For any company director, there may come a point where they’re asked to provide a director guarantee on behalf of the company. There are a variety of situations when this might occur.
What is the purpose/benefit of a director guarantee?
One of the key reasons why individuals will seek to create a limited company is to protect themselves personally so that they do not become liable for debts if the company is unable to pay. While this may be beneficial to the directors themselves, it does not offer the necessary security to third parties, such as a bank that has been asked to provide an overdraft facility, for example.

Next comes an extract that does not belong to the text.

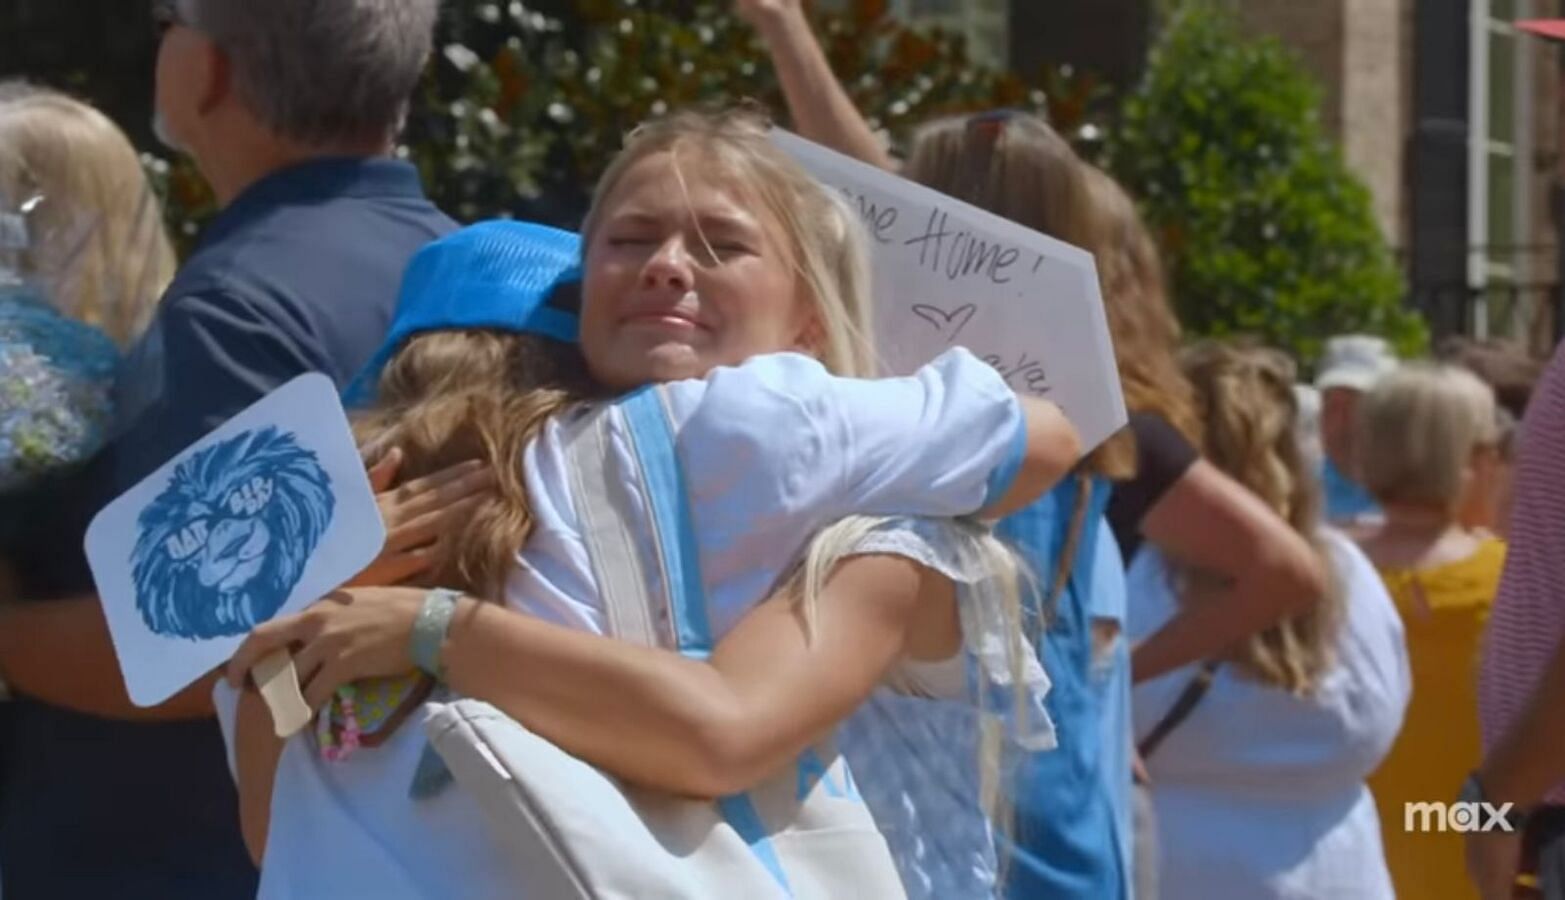 Two young women hug each other as they pass one of the challenges in the rush (Image via HBO)

Providing a director guarantee may enable a new company to access funding or enter into agreements that it would not otherwise be able to do. For example, a new company may want to set up a lease in order to be able to trade. However, a director guarantee will be required for the landlord to be willing to enter into such a transaction.
There is also the argument that if all the directors have signed personal guarantees, they are more likely to be enthusiastic about working together for the success of the company as they have something to lose personally should it fail.
Risks of a Director Guarantee
Although there are some benefits with the director guarantee and it may be a necessary part of starting up a company, there are risks and processes that need to be both understood and followed. One of the crucial aspects of this is the need to obtain independent legal advice from a qualified solicitor, such as https://www.parachutelaw.co.uk/director-guarantee, who is distinct from the solicitor advising the company
There will be a cost attached to this. However, it should be relatively controlled and should be a matter that could potentially be supported by the company.
The key risk, however, is the personal liability that the director now has for the debts of the limited company relating to that transaction.